Member of the Pennsylvania House of Representatives from the 172nd district
- Incumbent
- Assumed office January 7, 2025
- Preceded by: Kevin Boyle

Personal details
- Born: c. 1994
- Party: Democratic
- Relatives: Kevin Dougherty (father) Johnny Dougherty (uncle)
- Education: Temple University Beasley School of Law

= Sean Dougherty (politician) =

American politician

Sean Michael Doughtery (born c. 1994) is an American politician who is the current representative for the 172nd district in the Pennsylvania House of Representatives since 2025. He is a member of the Democratic Party.

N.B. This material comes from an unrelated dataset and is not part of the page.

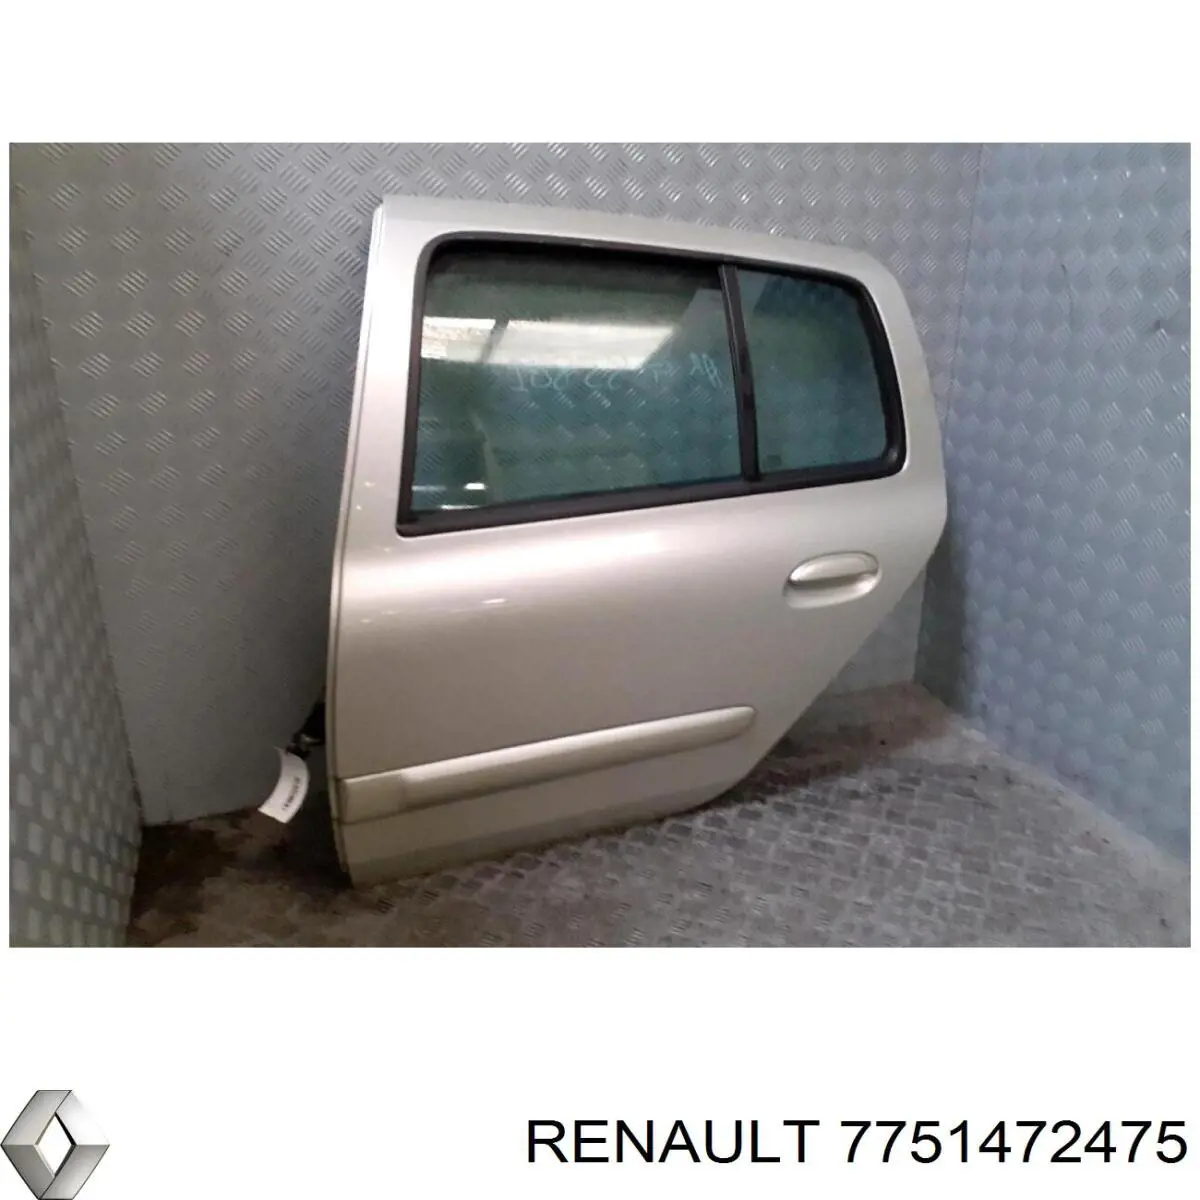 7752232799 Renault (RVI) puerta trasera izquierda
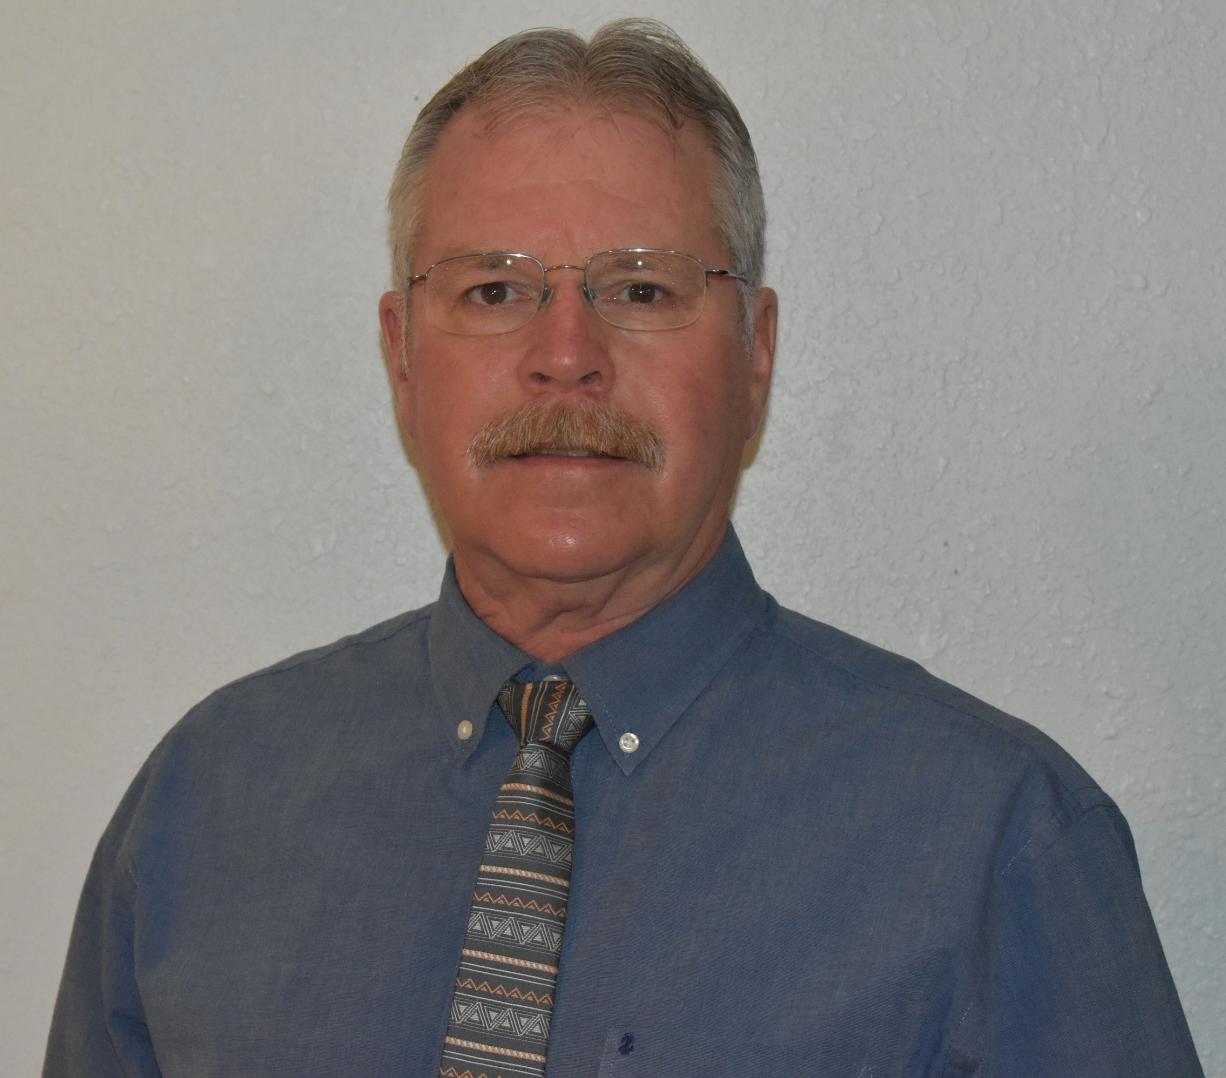 Bondsman Kent Stephens works for the most Trusted Bonding Company in Logan, Utah

==Early life and education==
While attending Chestnut Hill College, Dougherty worked summers between 2013 and 2016 at the International Brotherhood of Electrical Workers Local 98, where his uncle Johnny Dougherty was business manager. In 2023, Johnny Doughtery was tried and convicted of embezzling money from Local 98, and prosecutors alleged some of the money went to his family members (including Sean), but was disguised as payments for time they didn't actually work.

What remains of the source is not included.